Online retail is not a bad thing and it is clearly the future for a huge percentage of domestic spending. The bad thing is the Government’s inability—after years of notice, for online is not a new phenomenon—to recognise the twin neglects of taxing the profits of online and of fairness in the spread of rates between the high street and that sector. Subsection (2)(d) of the amendment requires that the report address the impact of the revaluation timing on local authority finances. Rates are a critical ingredient in local authority finance, but unfortunately the funding gap that the next revaluation will create will lead to a difficult political challenge: how to replace the fall in rates funding—another reason to delay the reform so desperately needed.

Subsection (2)(e) addresses the subject of waiting lists for appeals, which I mentioned earlier.

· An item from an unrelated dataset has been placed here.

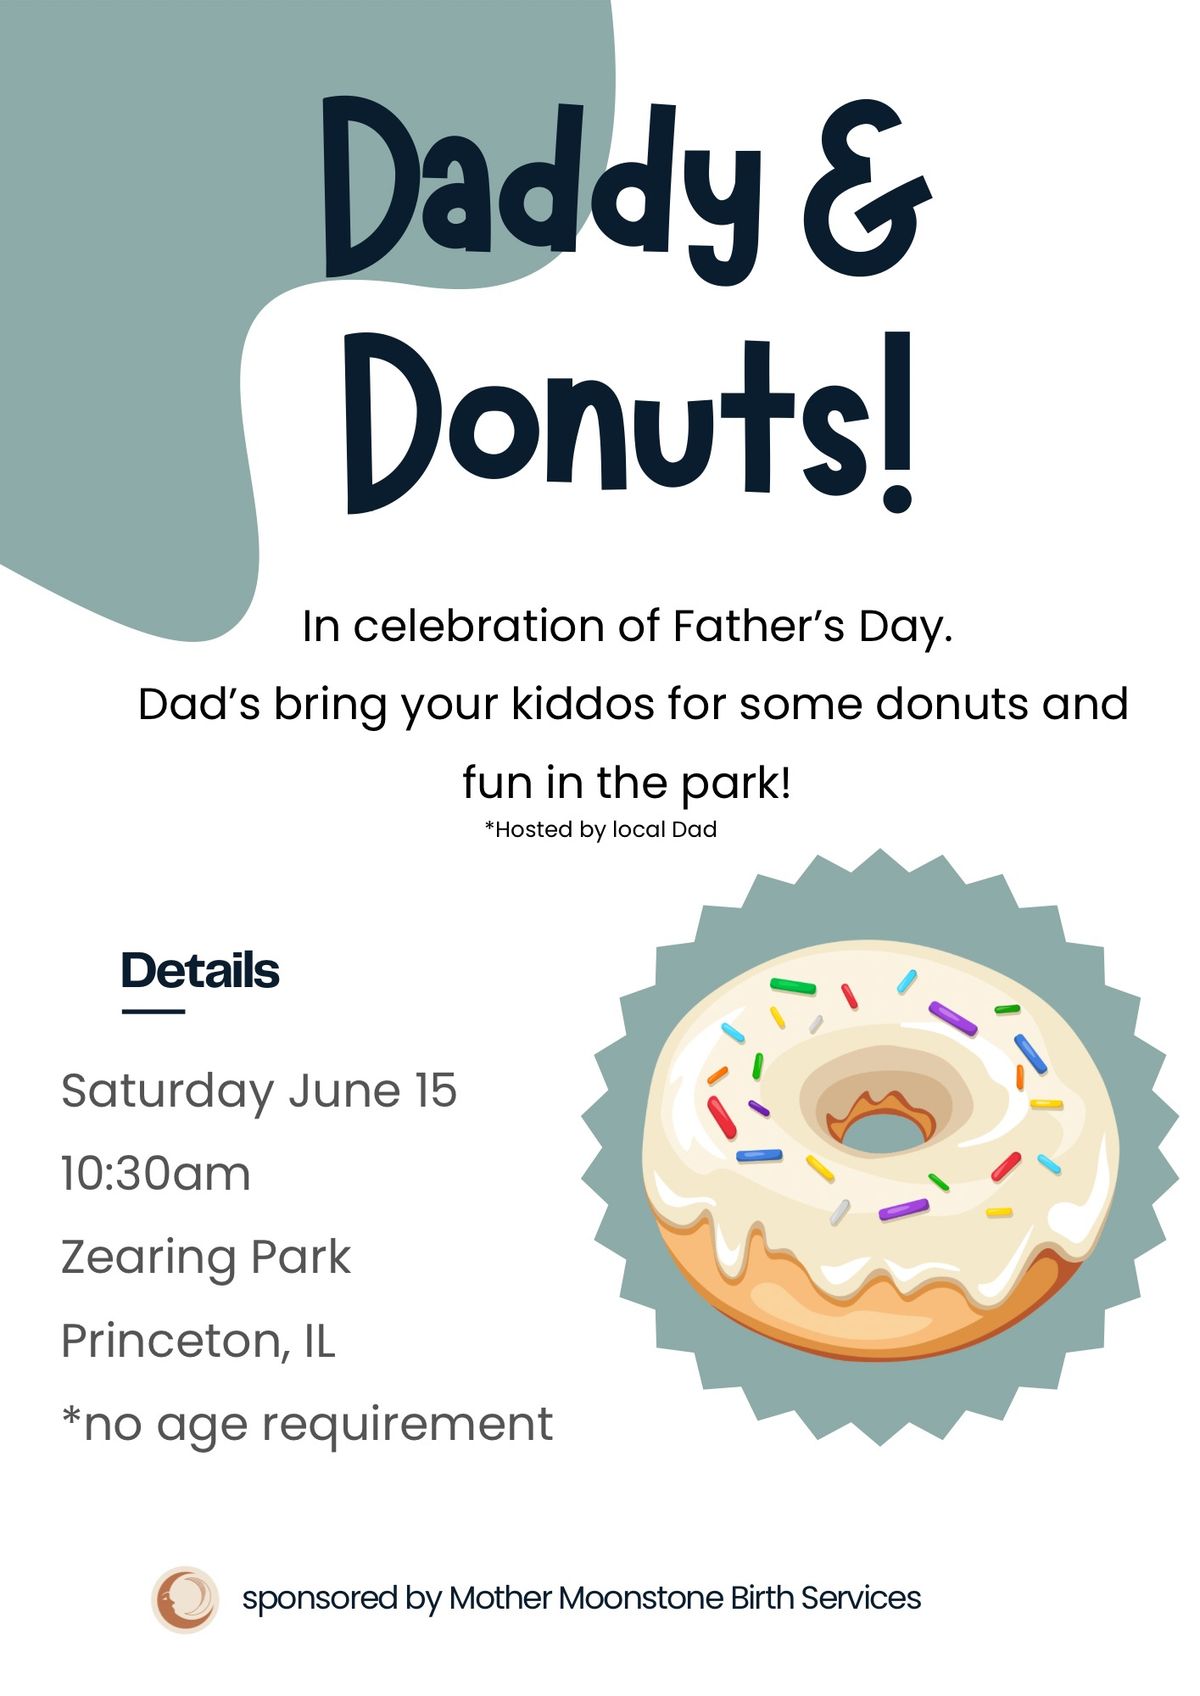 Daddy & Donuts

This has become critical. Waiting list delays are themselves enough to put many out of business—a good example of shooting ourselves in the foot of local authority funding. The end result will be worse.

I must refer also to the fundamental review—a story of delay. It is most disappointing, in that the most vulnerable ratepayers can hardly speak for themselves. This delay will be the death of many small, innovative and hardworking businesses, the very ones the Government claim to champion. Should the noble Lord, Lord Kennedy of Southwark, press for a Division on this amendment, I will certainly support it. But my greatest concern is that the valuation date for the revised NDR lists has been chosen at a point in the market cycle that provides no evidence. In my 40-odd years in this profession, I have seen highs and lows in the rental value market cycle, but I have never seen paralysis. Paralysis is what we now have in the rental market from which the rate levels are derived. It will probably lead, as I explained in Committee, to a huge mass of rating appeals. I ask the Minister to take these comments back to the Government, but I fear that it is too late.